Install with specific backends:

pip install scitex-audio[gtts]         # Google TTS
pip install scitex-audio[pyttsx3]      # System TTS (+ apt install espeak-ng)
pip install scitex-audio[elevenlabs]   # ElevenLabs
pip install scitex-audio[luxtts]       # LuxTTS (voice cloning, offline)
pip install scitex-audio[all]          # Everything

Quick Start

from scitex_audio import speak, available_backends

# Check what's available
print(available_backends())  # e.g., ['gtts', 'pyttsx3']
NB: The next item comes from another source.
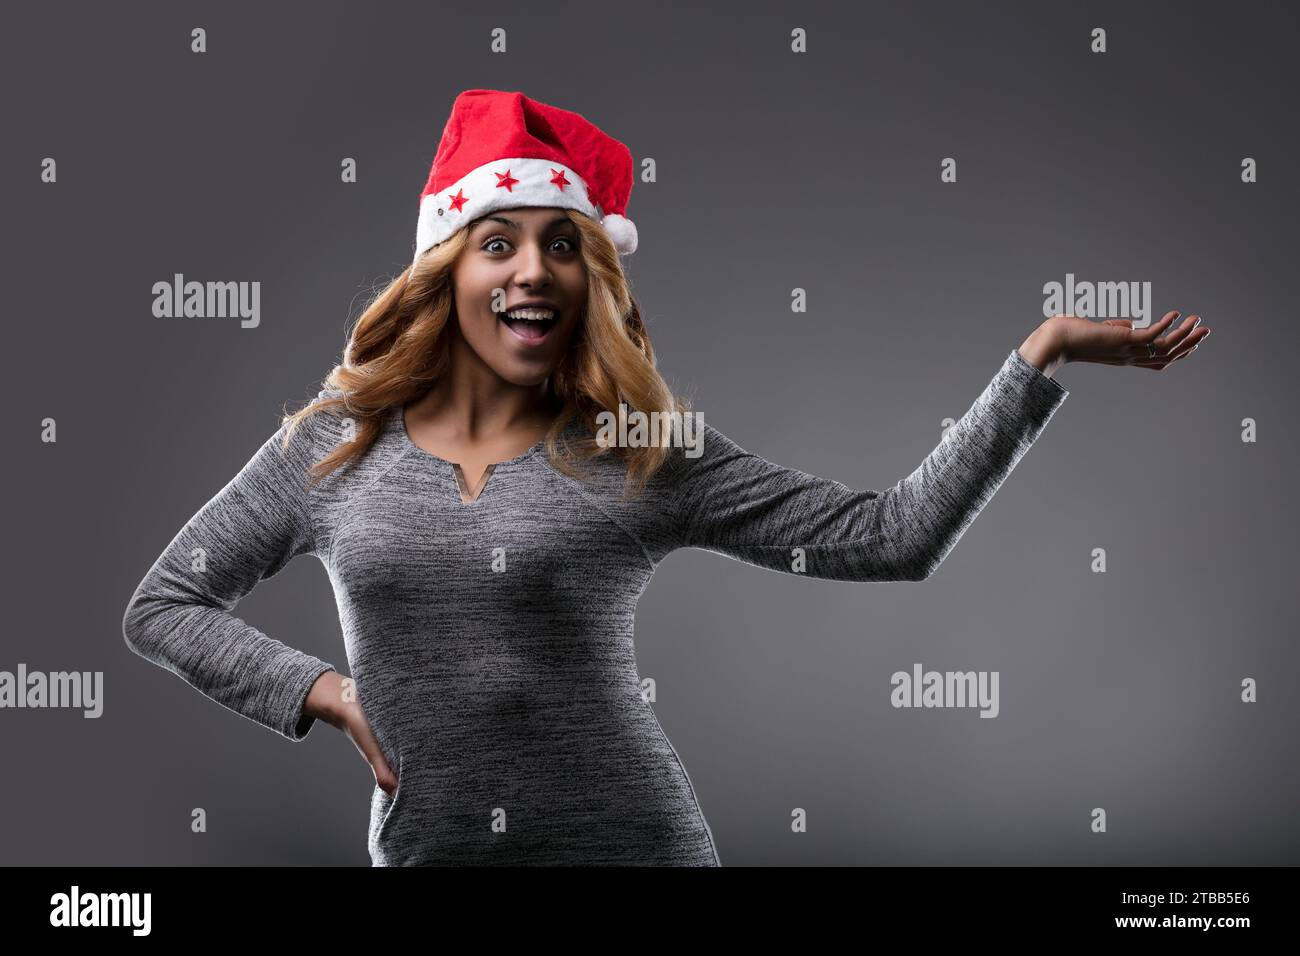 Mit einem Weihnachtsmann-Hut und einem fröhlichen Lächeln verkörpert sie die Stimmung der Saison, wie IHR PRODUKT zeigt Stockfoto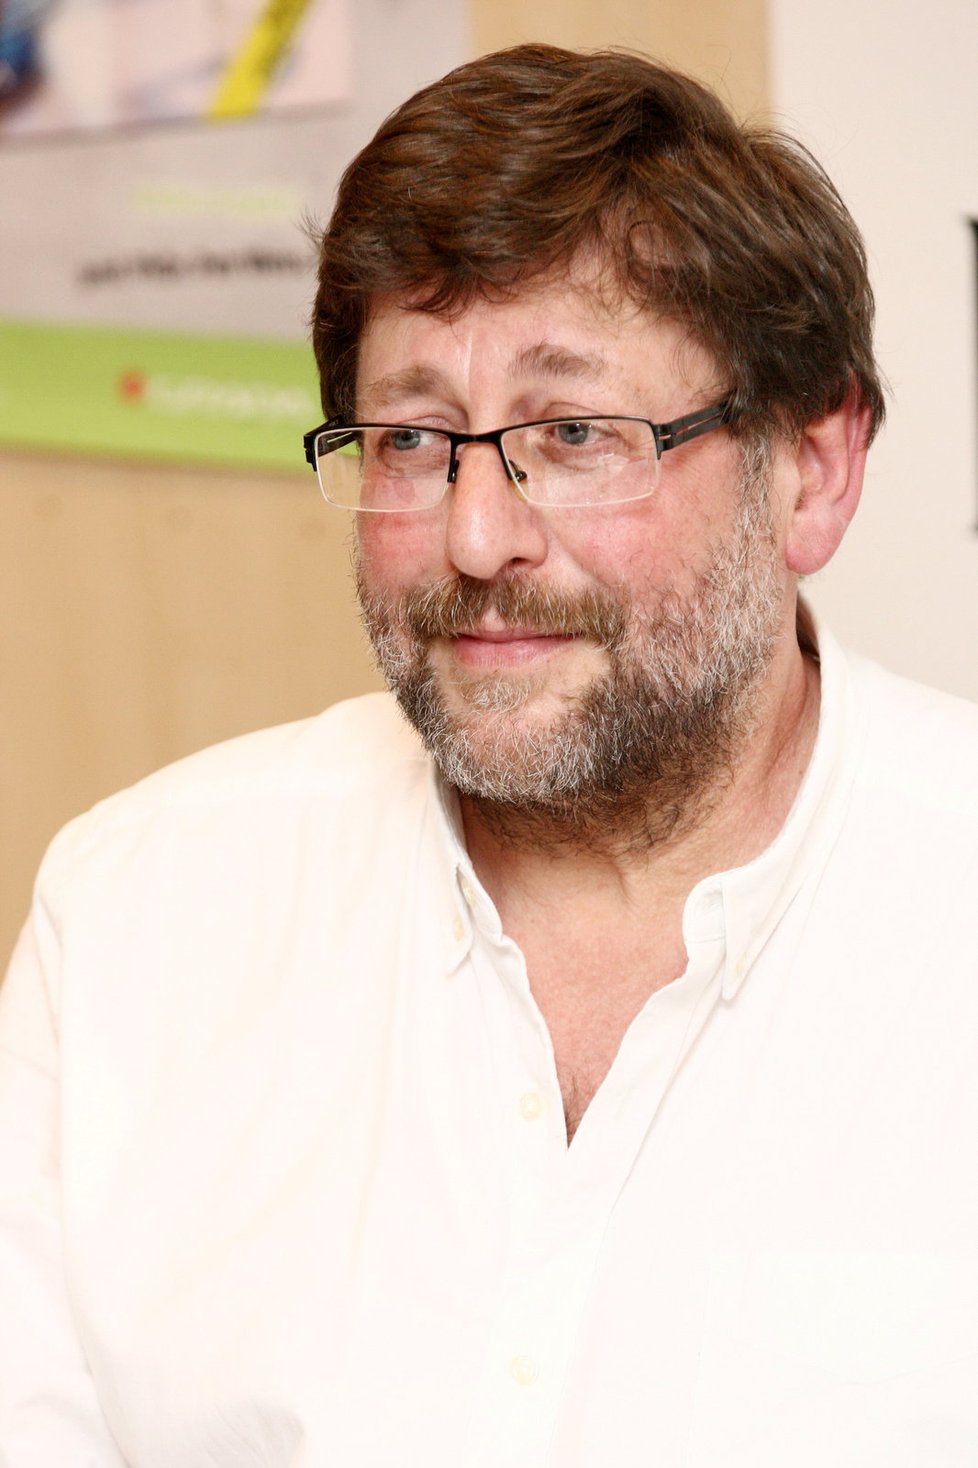 Sexuolog Petr Weiss

# Speak with auto-selected backend
speak("Hello from SciTeX Audio!")

# Choose a specific backend
speak("Bonjour", backend="gtts", voice="fr")

# Save without playing
speak("Save this", output_path="output.mp3", play=False)

Three Interfaces

Python API
import scitex_audio

scitex_audio.speak("Hello!")                         # auto backend
scitex_audio.speak("Fast", backend="gtts", speed=1.5)
scitex_audio.available_backends()                    # list backends
scitex_audio.check_wsl_audio()                       # WSL audio status
scitex_audio.generate_bytes("As bytes")              # raw MP3 bytes
scitex_audio.stop_speech()                           # kill playback

tts = scitex_audio.get_tts("gtts")                   # get engine
tts.speak("With engine", voice="fr")

Full API reference

CLI Commands
scitex-audio --help-recursive             # Show all commands
scitex-audio speak "Hello world"          # Speak text
scitex-audio speak "Bonjour" -b gtts -v fr
scitex-audio backends                     # List backends
scitex-audio check                        # Audio status (WSL)
scitex-audio stop                         # Stop playback
scitex-audio relay --port 31293           # Start relay server
scitex-audio list-python-apis             # List Python API tree
scitex-audio mcp list-tools               # List MCP tools

Full CLI reference

MCP Server — for AI Agents

AI agents can speak through the MCP protocol for notifications and accessibility.

Tool Description
audio_speak Convert text to speech with backend fallback
list_backends List available TTS backends and status
check_audio_status Check WSL audio connectivity
announce_context Announce current directory and git branch

Table 2. Four MCP tools available for AI-assisted audio. All tools accept JSON parameters and return JSON results.

scitex-audio mcp start

Full MCP specification

Remote Audio Relay

When agents run on remote servers (NAS, cloud, HPC), they have no speakers. The relay server solves this: the local machine (with speakers) runs a lightweight HTTP server, and the remote agent sends speech requests over an SSH tunnel.

Architecture

Remote Server (NAS/Cloud)          Local Machine (has speakers)
┌─────────────────────┐            ┌──────────────────────┐
│ AI Agent            │            │ Relay Server         │
│   speak("Hello")    │            │   scitex-audio relay │
│     ↓               │            │     ↓                │
│ POST /speak ────────┼── SSH ─────┼→ TTS engine          │
│   (port 31293)      │  tunnel    │     ↓                │
│                     │            │   🔊 Speakers        │
└─────────────────────┘            └──────────────────────┘

Setup

Step 1: Start relay on local machine (has speakers)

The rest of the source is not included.